The second section is titled “A Treatise On The Situation, Manners And Inhabitants Of Germany”. This section is 65 pages but it includes a lot of foot notes that sometimes take up most of a page by themselves. This reading would have been improved upon, if a map had been added by the editor. To me, the most interesting part of the section was towards the end, when the author is discussing the religion of the ancient Germans. This depiction is similar to the rituals of the Celts / Druids described by Julius Caesar in his book “Conquest of Gaul”, which is another great primary source if you are interested in the Romans or the Celts. I feel this work went a little further than Caesar’s account because it compares the religious practices of several different tribes against each other. These differences include gods/goddesses, sacrifices and divination. The one common thread is the veneration of sacred groves of trees.
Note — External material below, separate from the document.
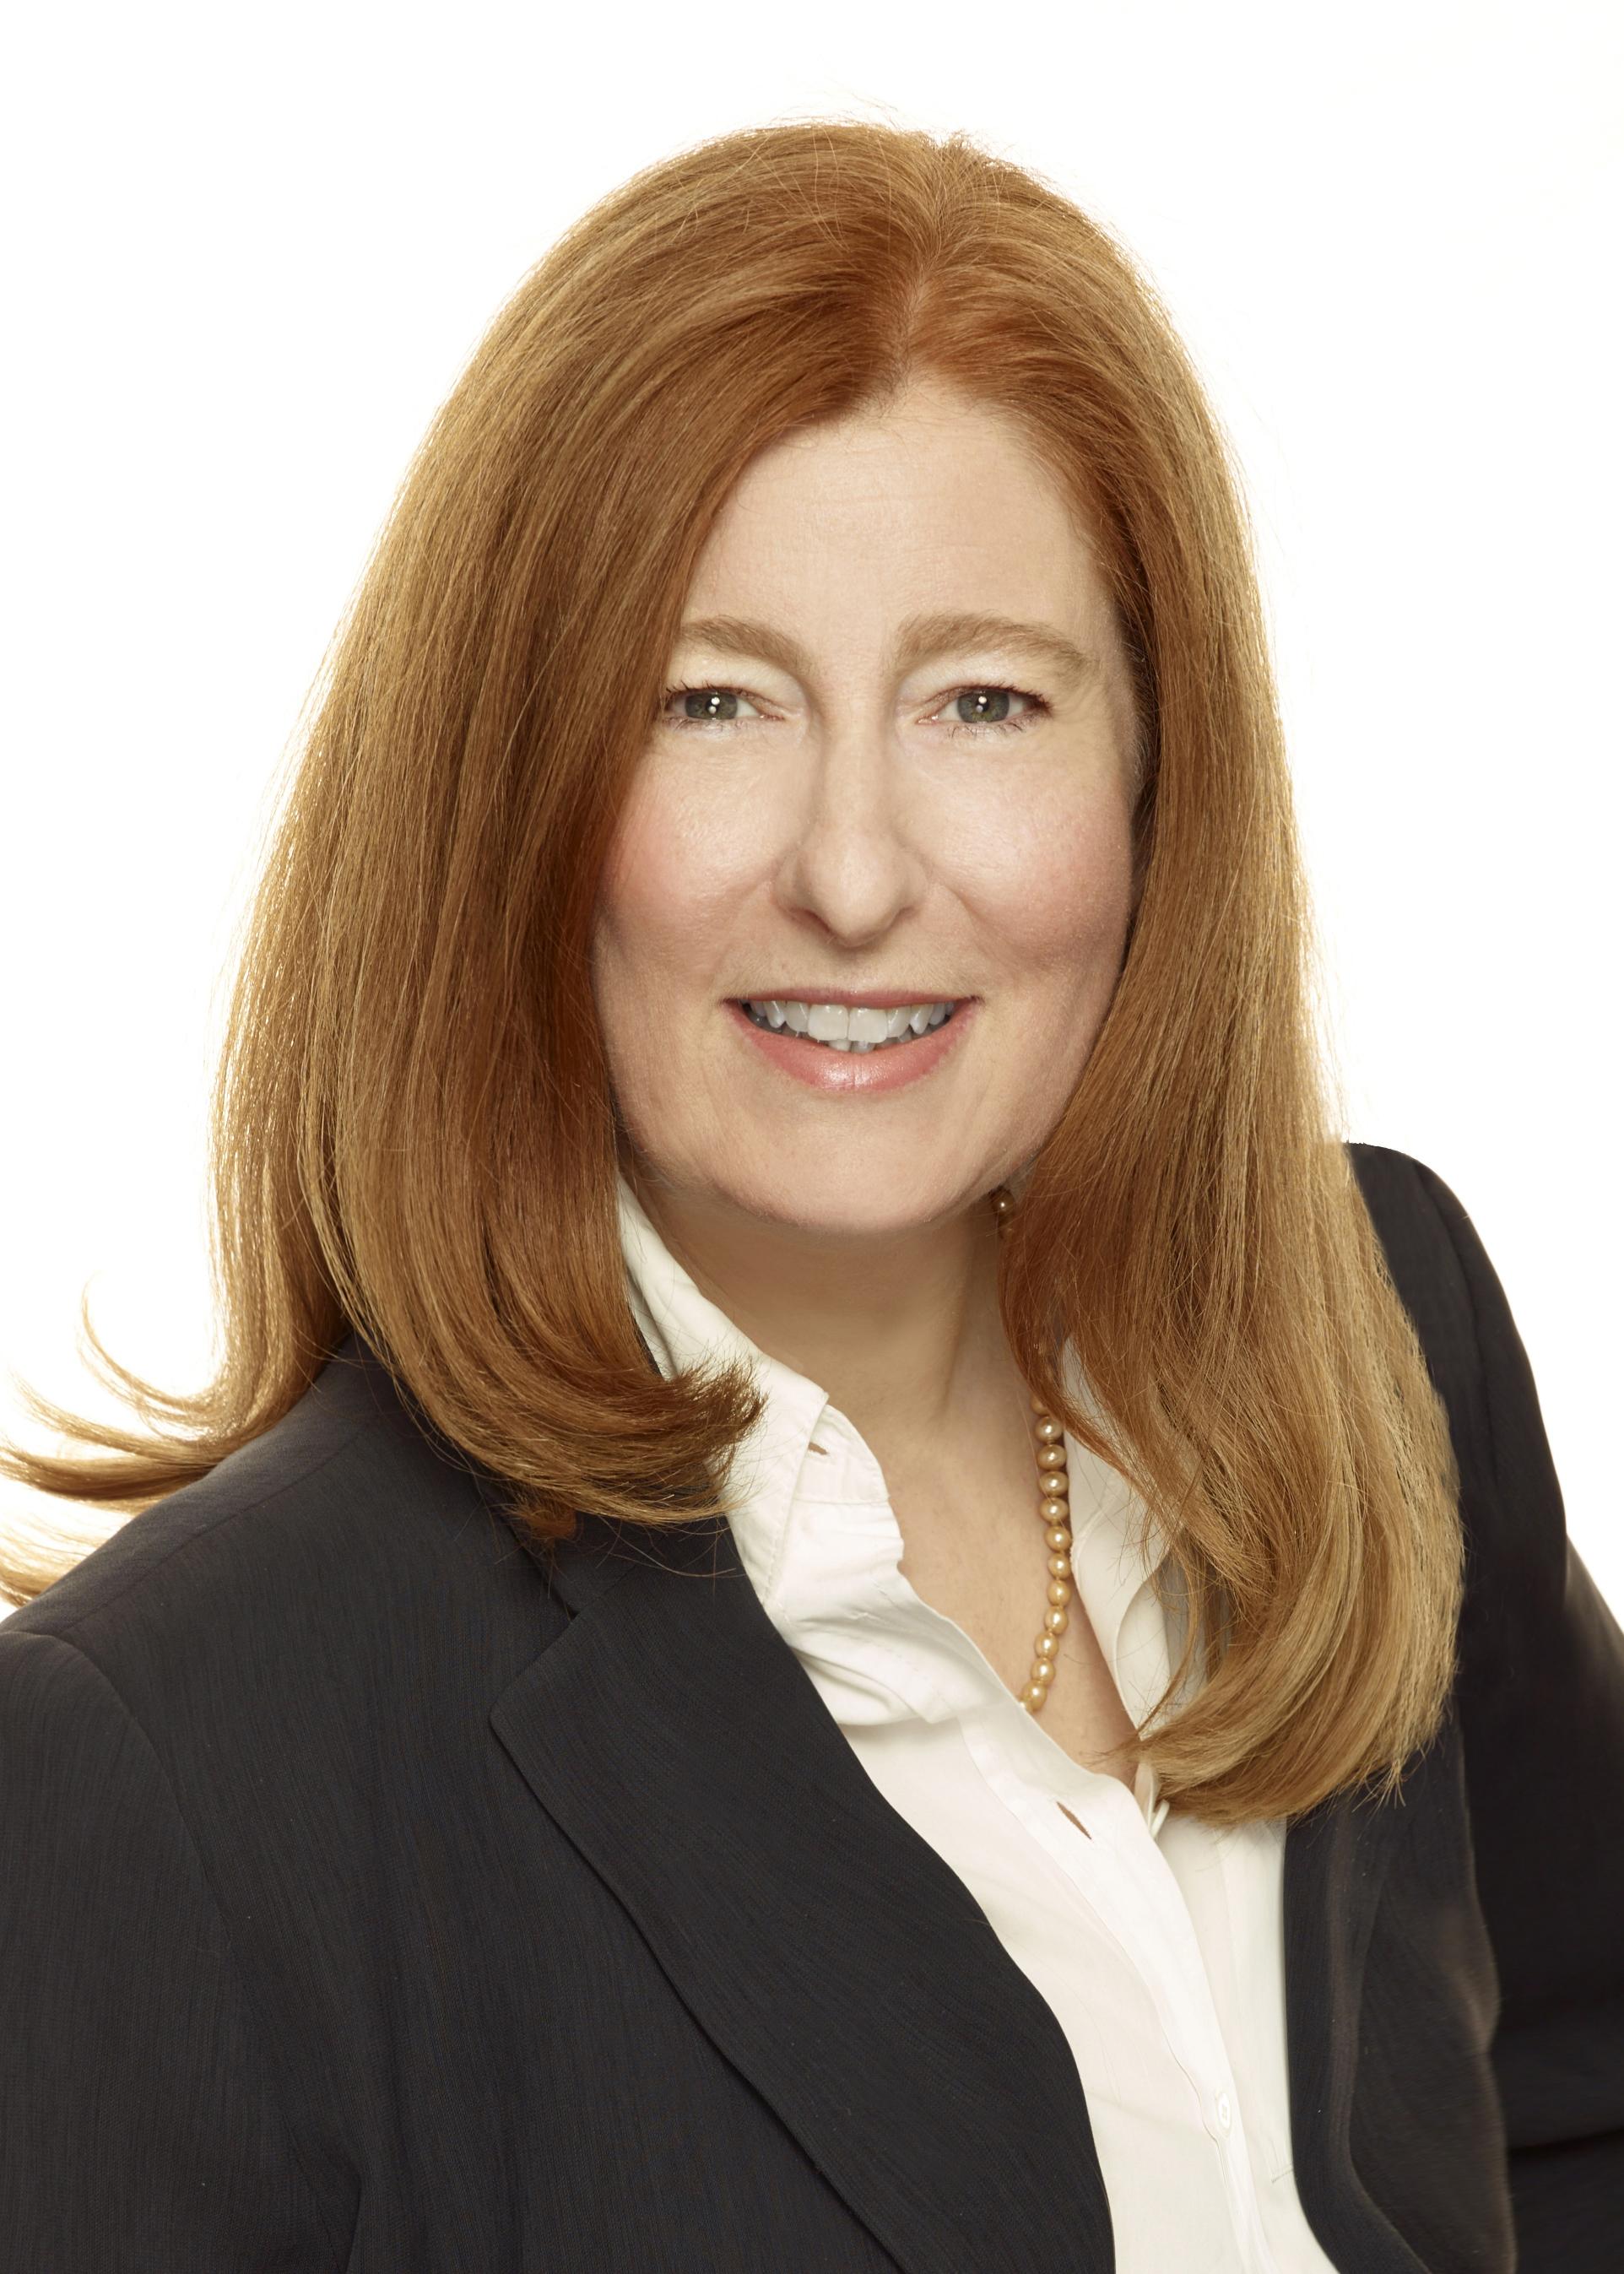 K. Vanessa A. Grant

Overall I feel Agricola’s work a must read for anyone studying Ancient Roman, Celtic, or German culture. It is also a good read for individuals that enjoy military history.
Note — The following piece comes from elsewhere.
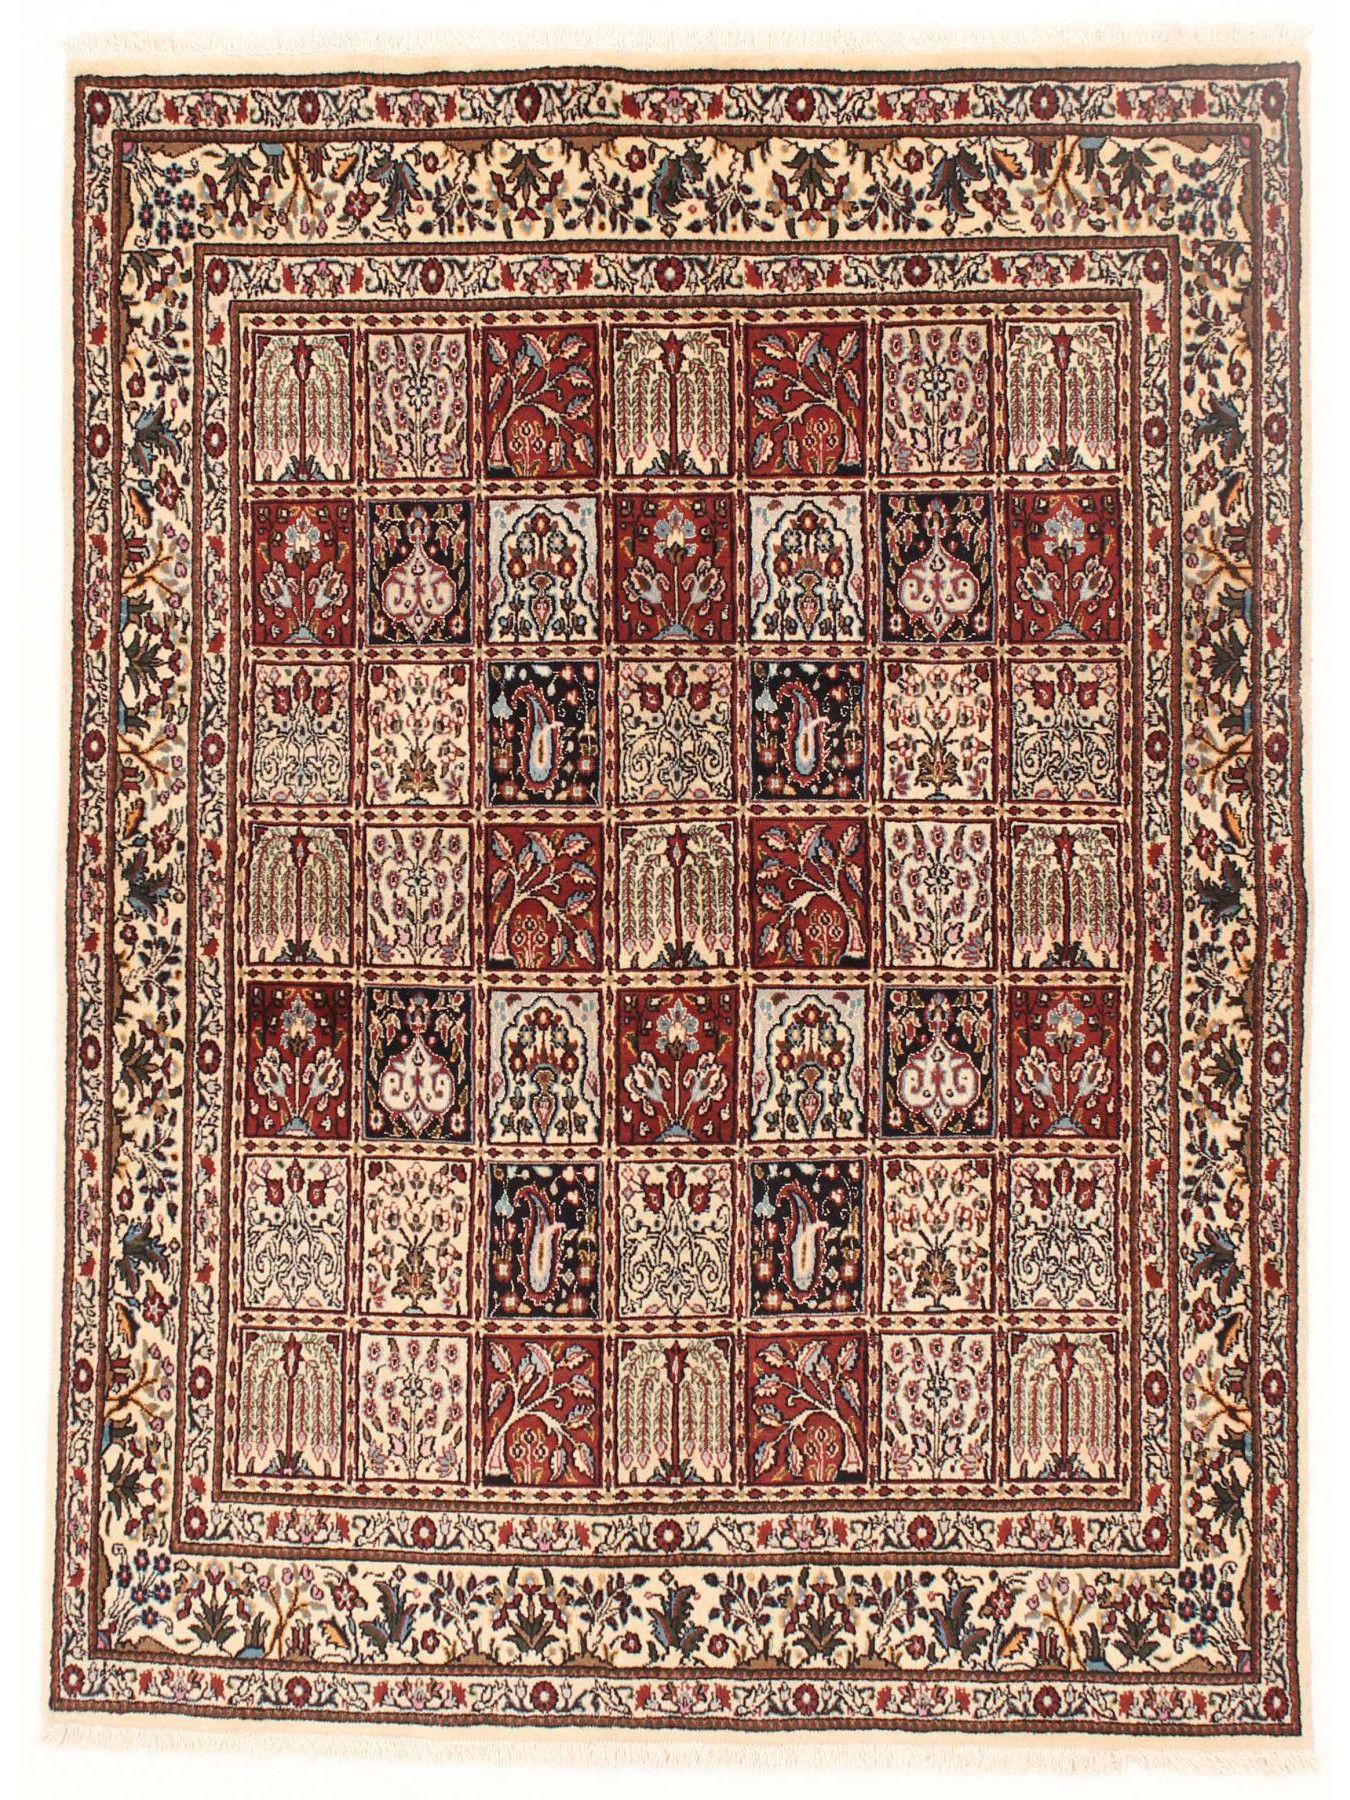 Tapis persans - Moud Jardin  Dimensions:193x143cm

Animals in Roman Life and Art by J.M.C.Toynbee is fantastic source material for multiple historical study areas including: Art, veterinarian, agricultural, trade, and military. I personal found the use of animals in funerary and religious art particularly fascinating. The reader will also enjoy lots of colored and black & white photos of most of the ancient art the author refers to in the narrative. The author her self is a noteworthy archaeologist and art historian that to quote the back of the book, was a “leading British Scholar in Roman artistic studies in the mid-twentieth century and is one of the most recognized authorities in the world.”
Break down chapters:
- General survey – discusses ancient sources and Roman attitude towards animals.
- Cat-Like Group (Ichneumons ans Hyenas)
- Canine Animals
- Boars and Pigs
- Deer and Antelope
- Sheep and Goats
- Equine Animals
- Hares, Rabbits, and Mice
- Fish, Crustaceans ans Mollusks
- Frogs and Toads
- The Animal Paradise
Appendix: (I feel like this could have been a stand alone book)
Roman Veterinary Medicine by R.E. Walker, B. Vet., MRCVS
- The practitioner
- The practice in civilian life
- Some notes on cavalry horses in the Roman army
Hope this brief book review was helpful in furthering your own studies in to Ancient roman history.